Data section:
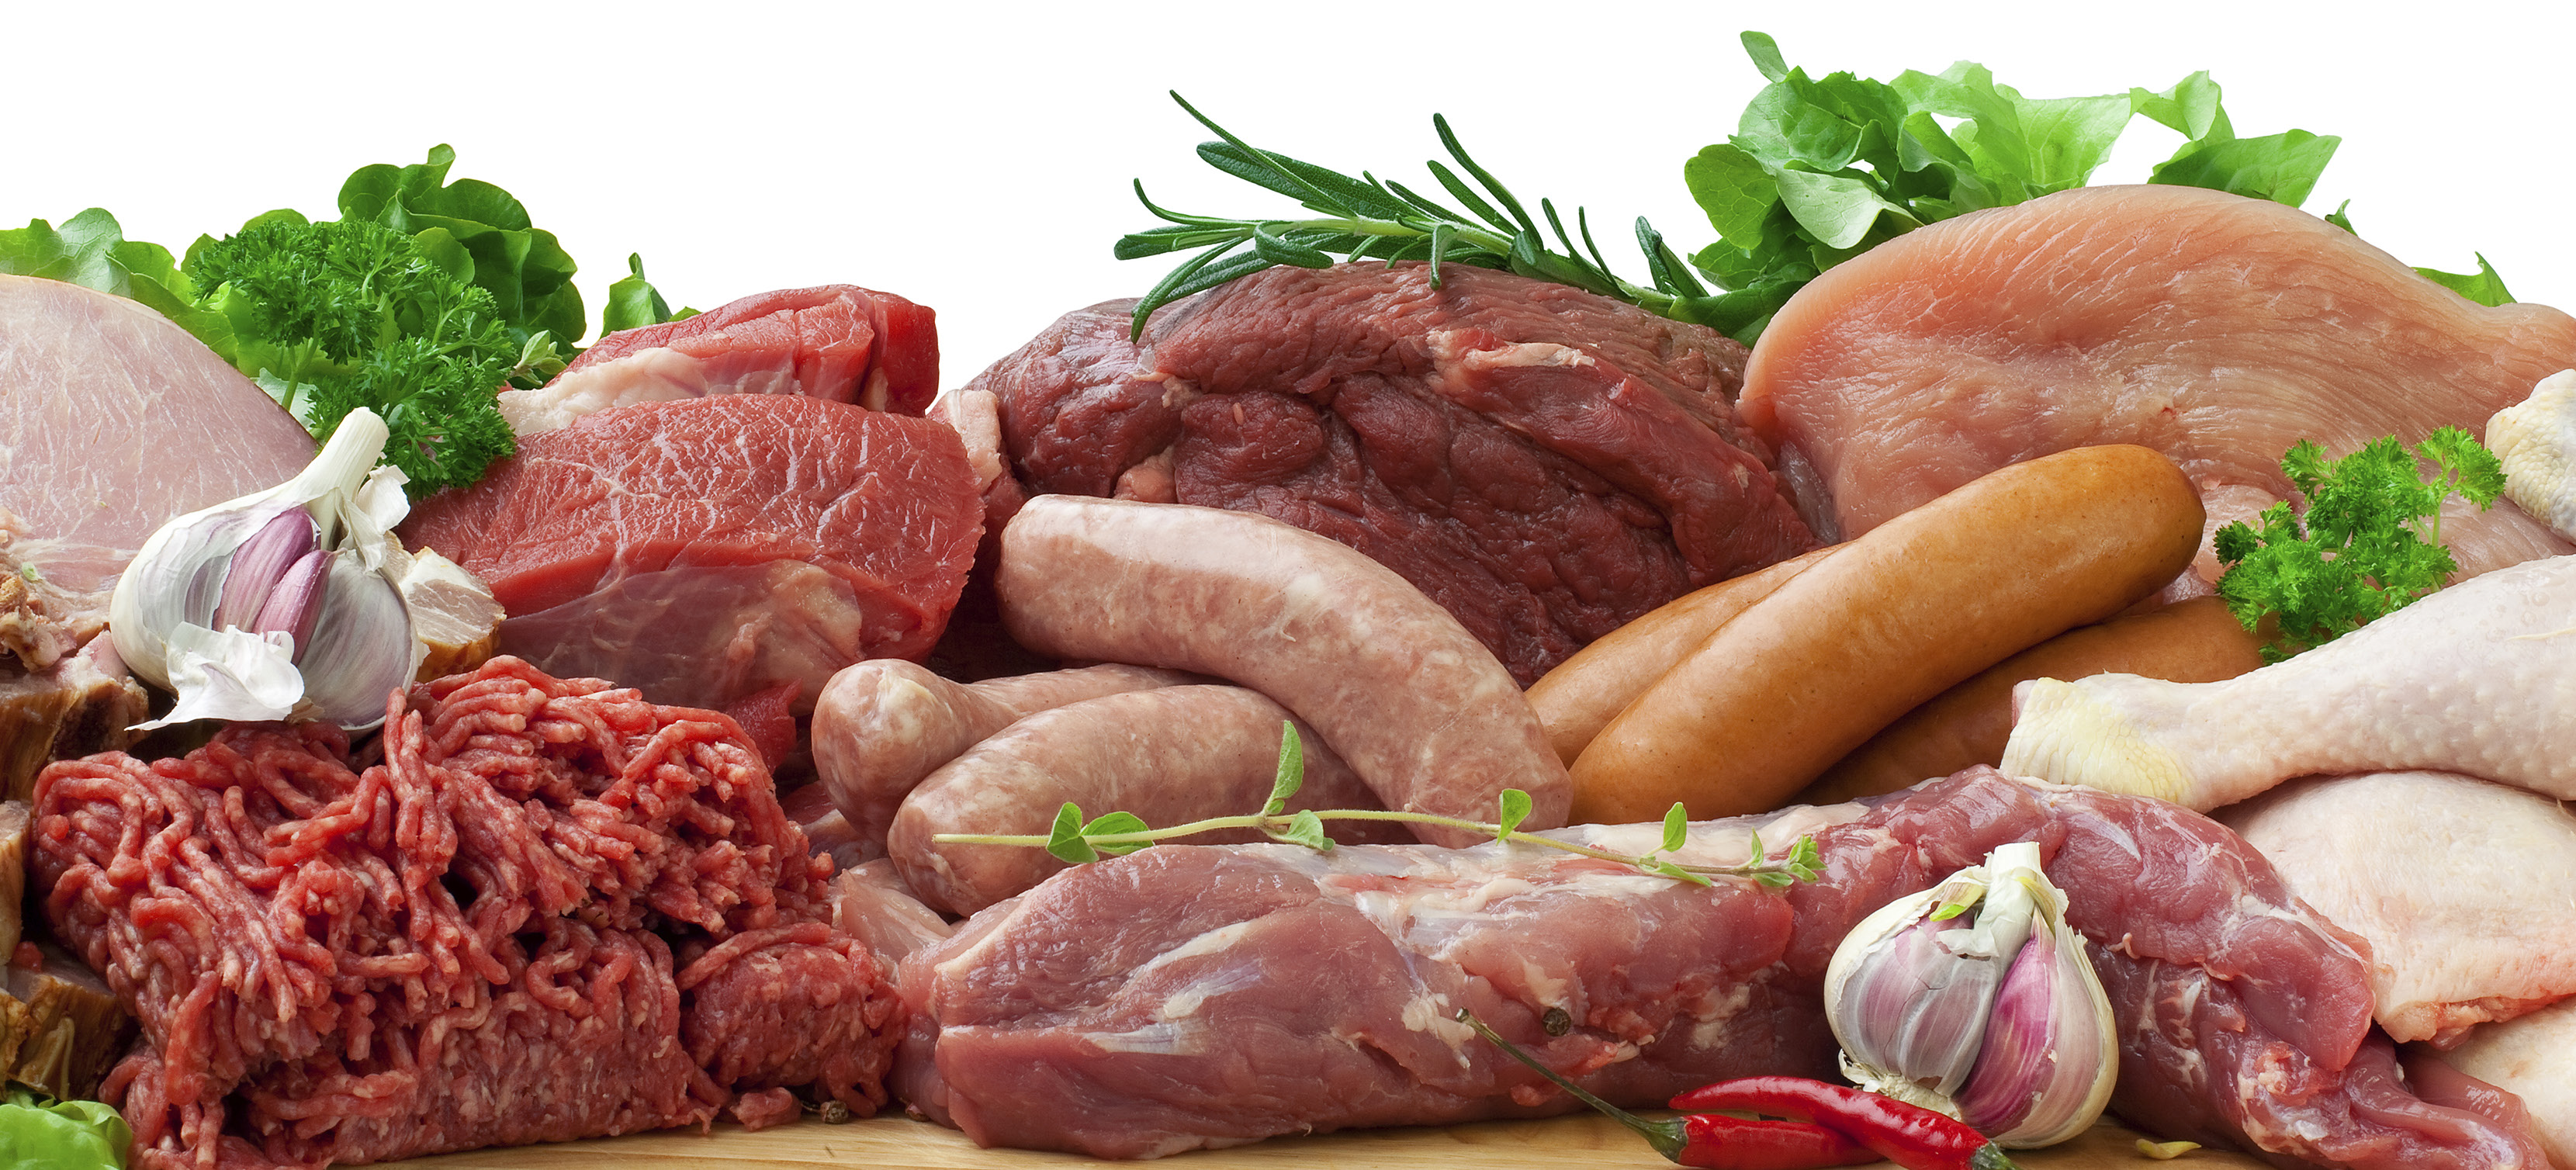 Freshline -technologieën voor vleesverwerking
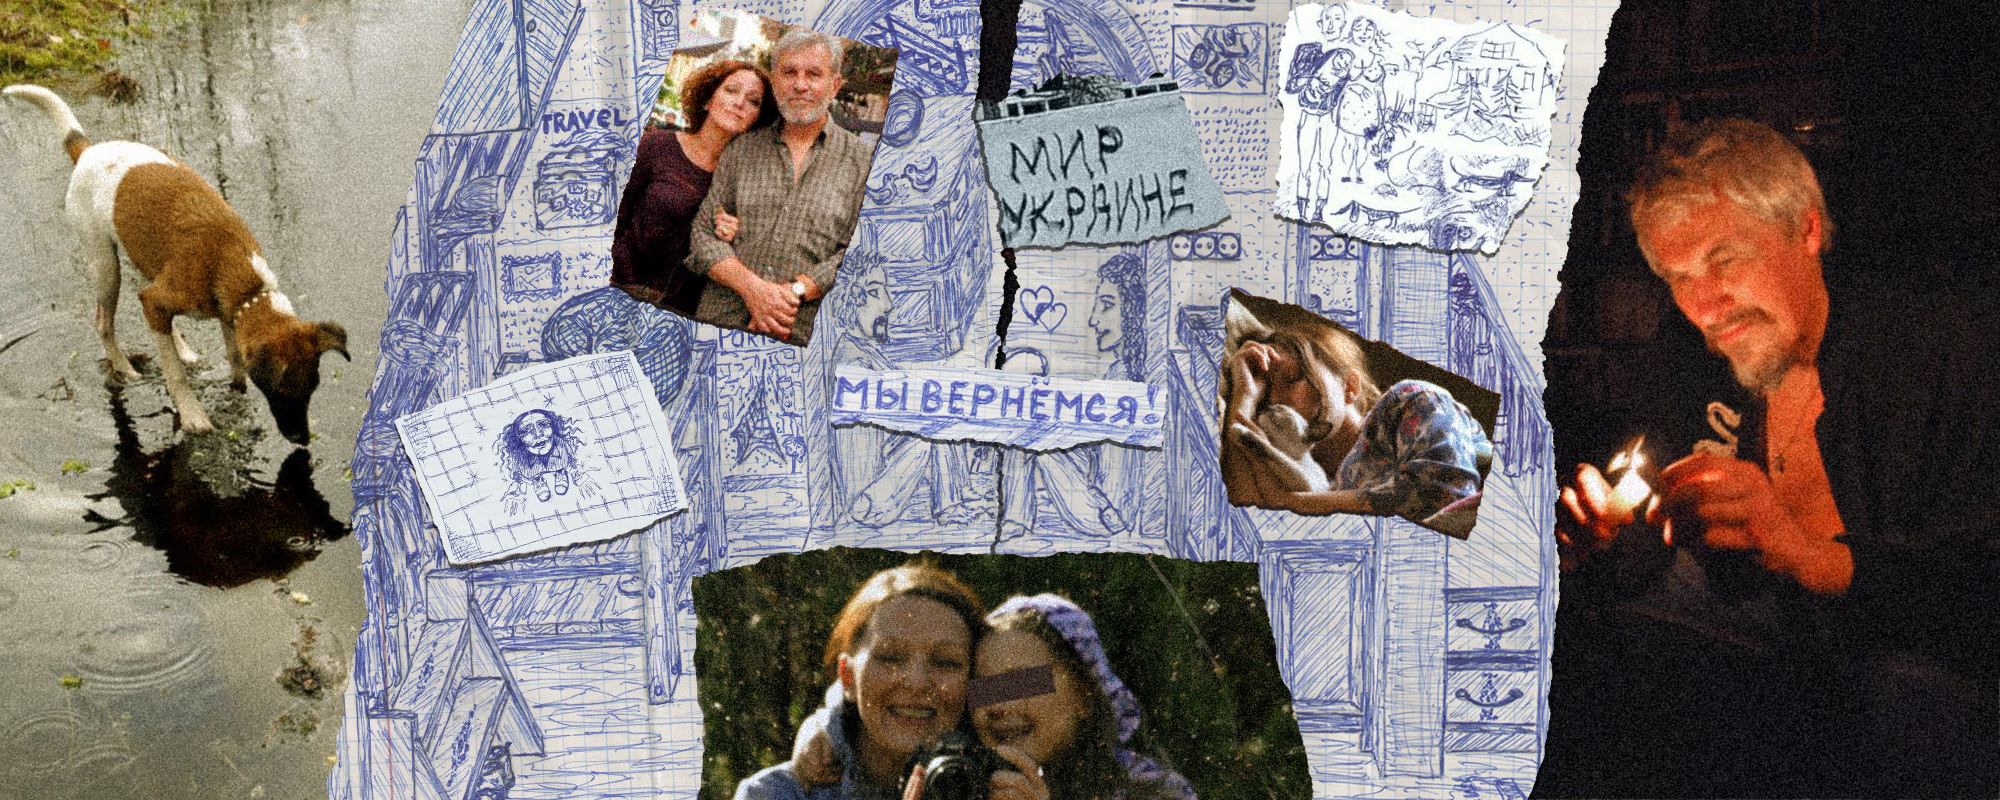 Коллаж ОВД-Инфо на основе фотографий и тюремных рисунков Людмилы Разумовой и Александра Мартынова
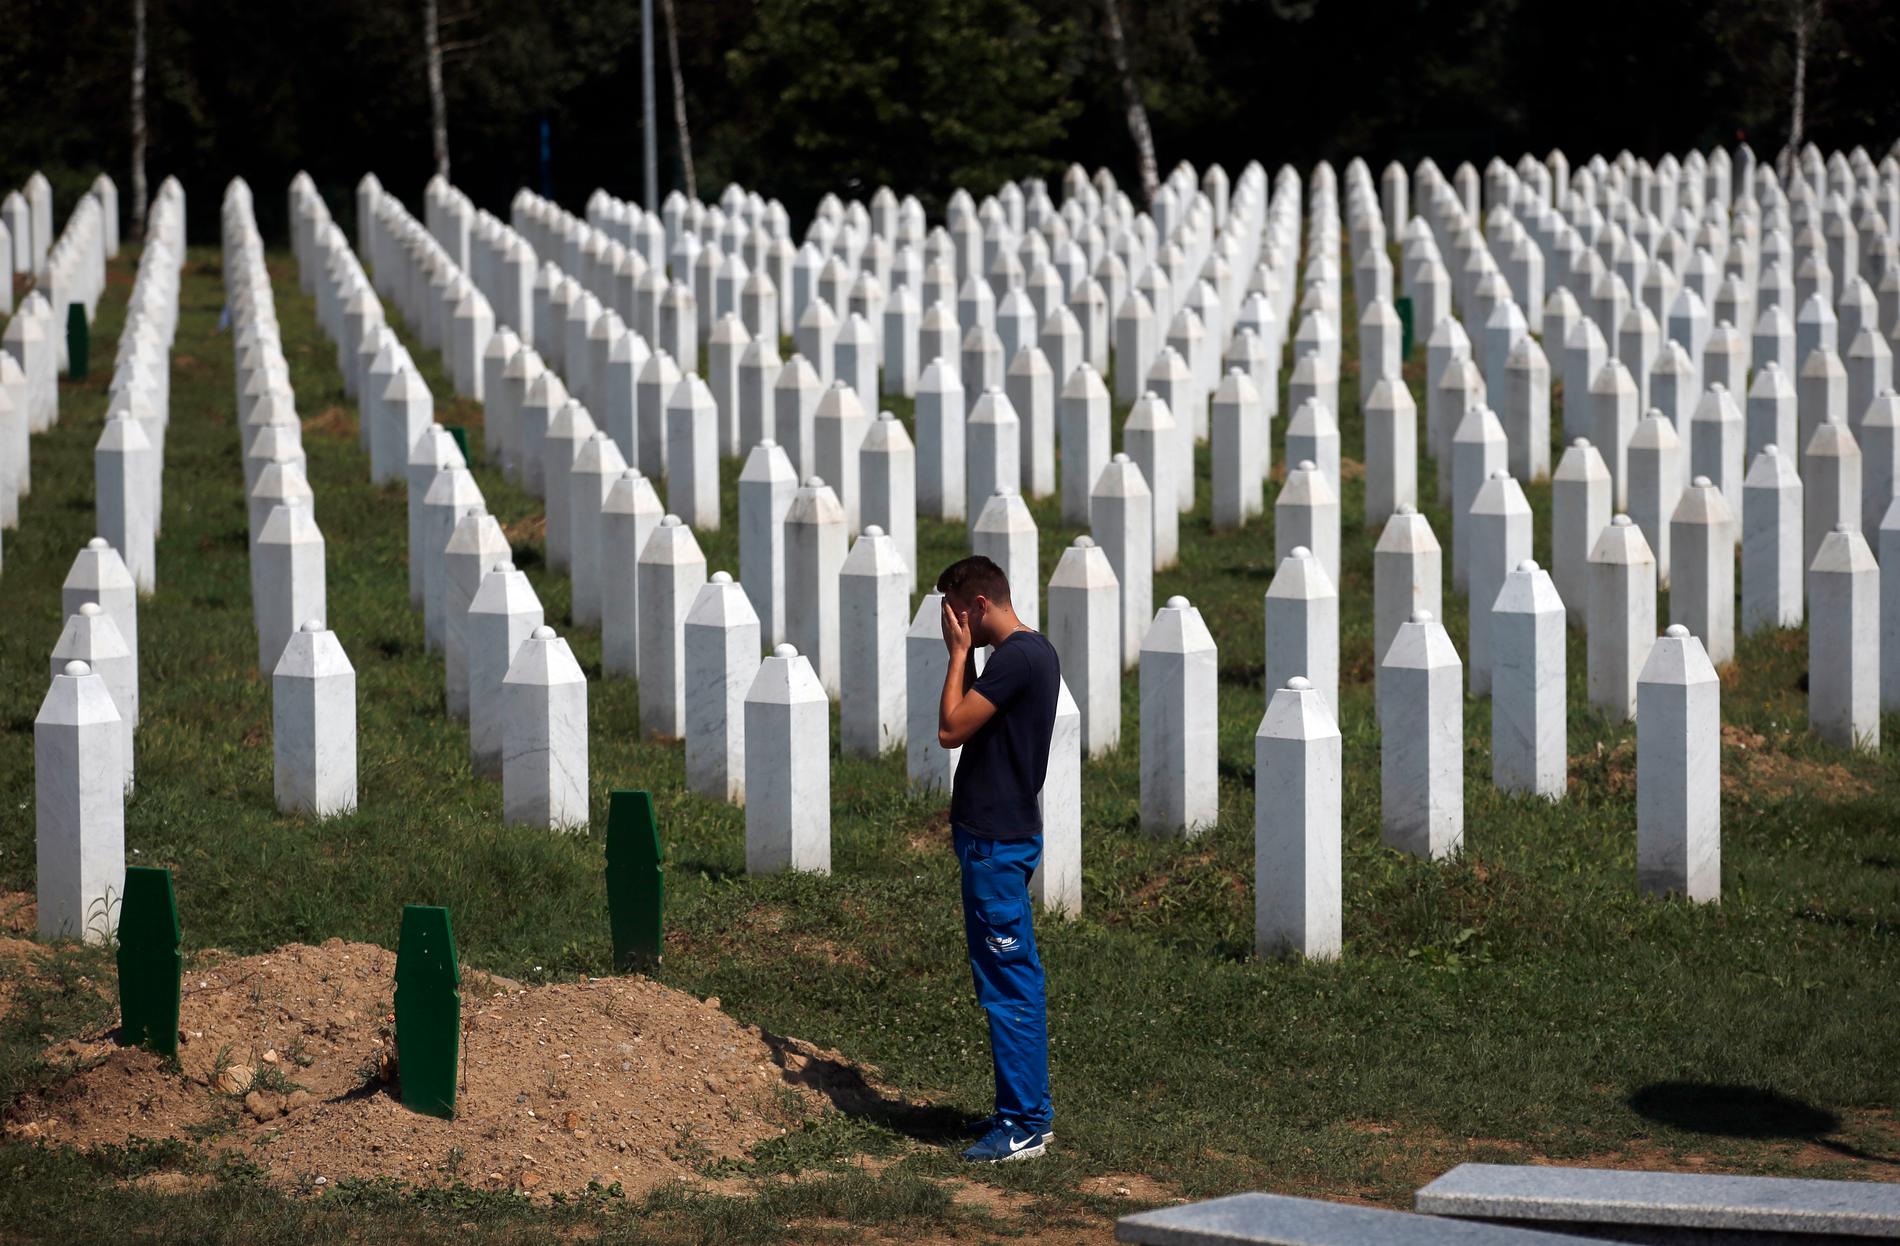 Det bosnienserbiska parlamentet har återkallat sitt stöd för den FN-rapport som slog fast att folkmord begåtts på 8 000 muslimer i Srebrenica under kriget, något som göder de etniska spänningarna i ett redan splittrat Bosnien. Bilden är från minnesmonumentet i Potocari nära Srebrenica.
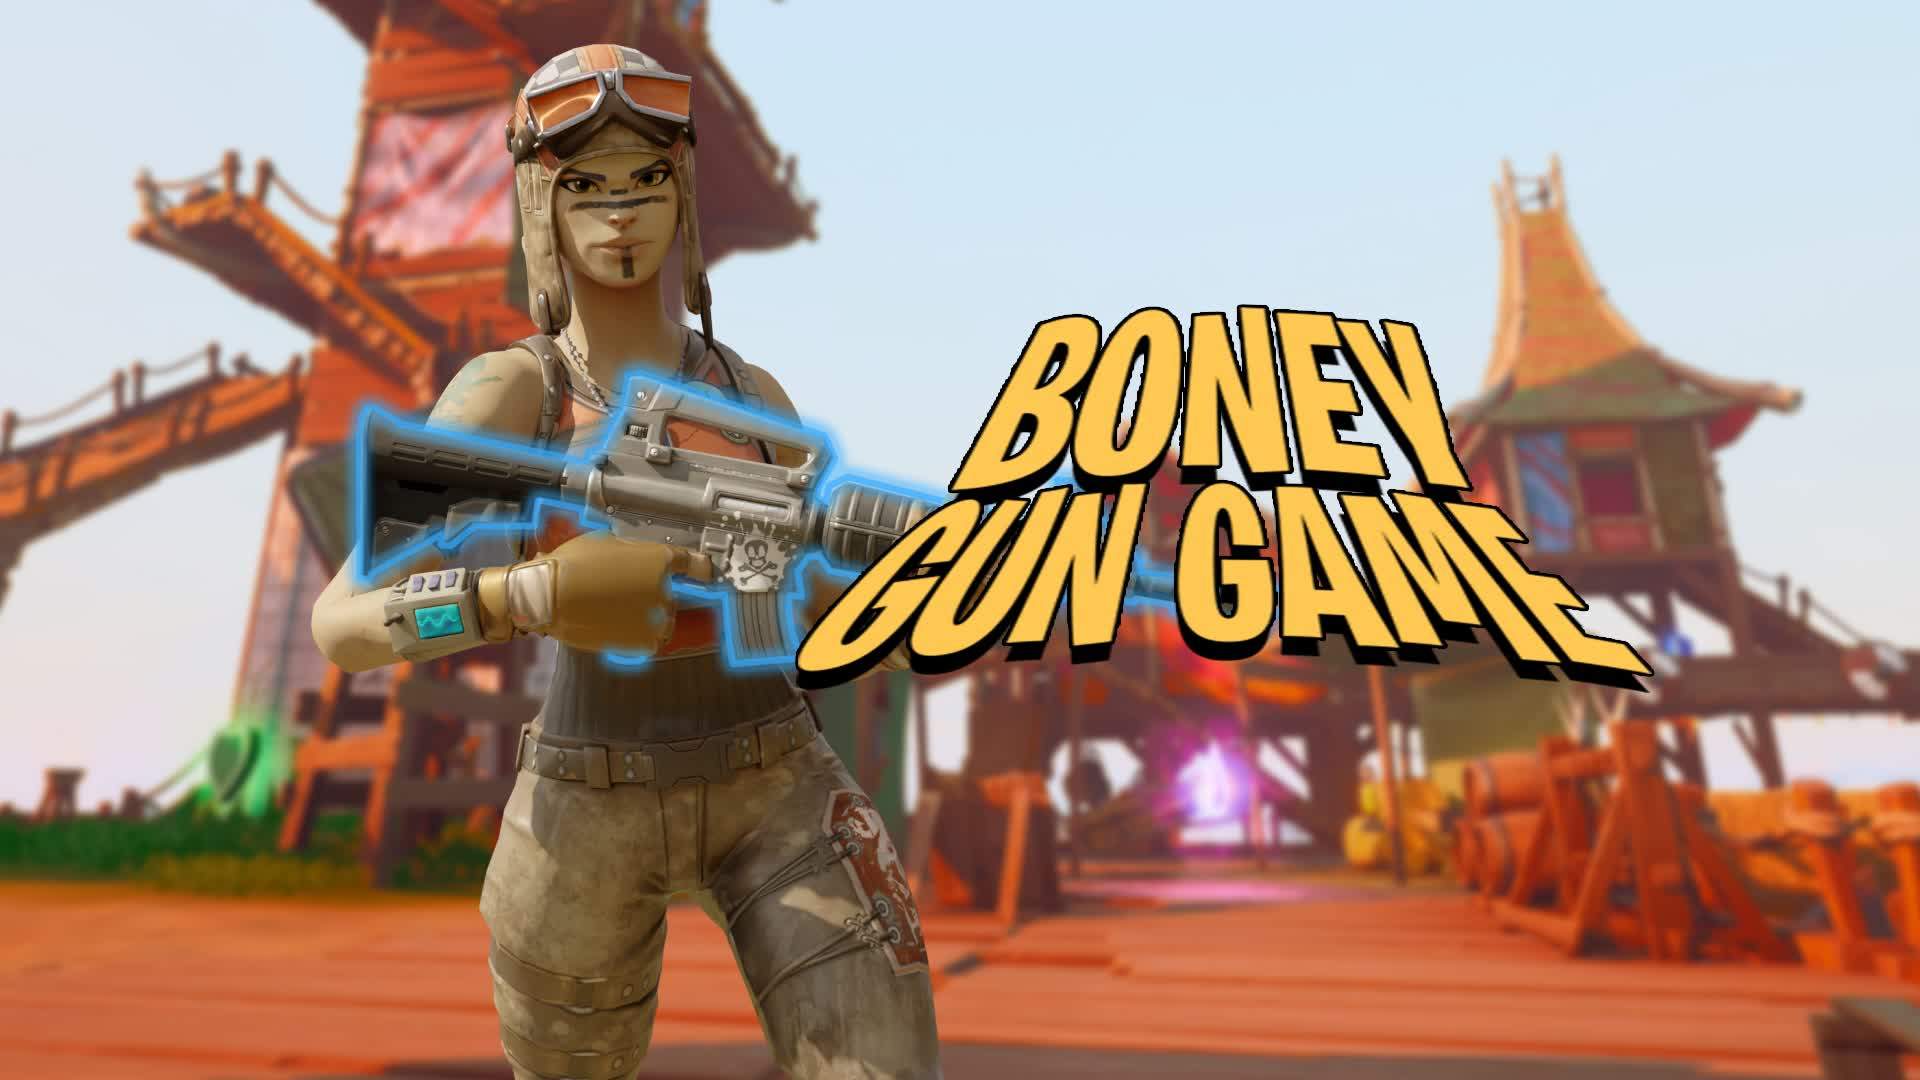 Boney Gun Game

What to produce:
An exact repeat of all the data is required, pictures excluded.

Written response:
 Freshline -technologieën voor vleesverwerking
 Коллаж ОВД-Инфо на основе фотографий и тюремных рисунков Людмилы Разумовой и Александра Мартынова
 Det bosnienserbiska parlamentet har återkallat sitt stöd för den FN-rapport som slog fast att folkmord begåtts på 8 000 muslimer i Srebrenica under kriget, något som göder de etniska spänningarna i ett redan splittrat Bosnien. Bilden är från minnesmonumentet i Potocari nära Srebrenica.
 Boney Gun Game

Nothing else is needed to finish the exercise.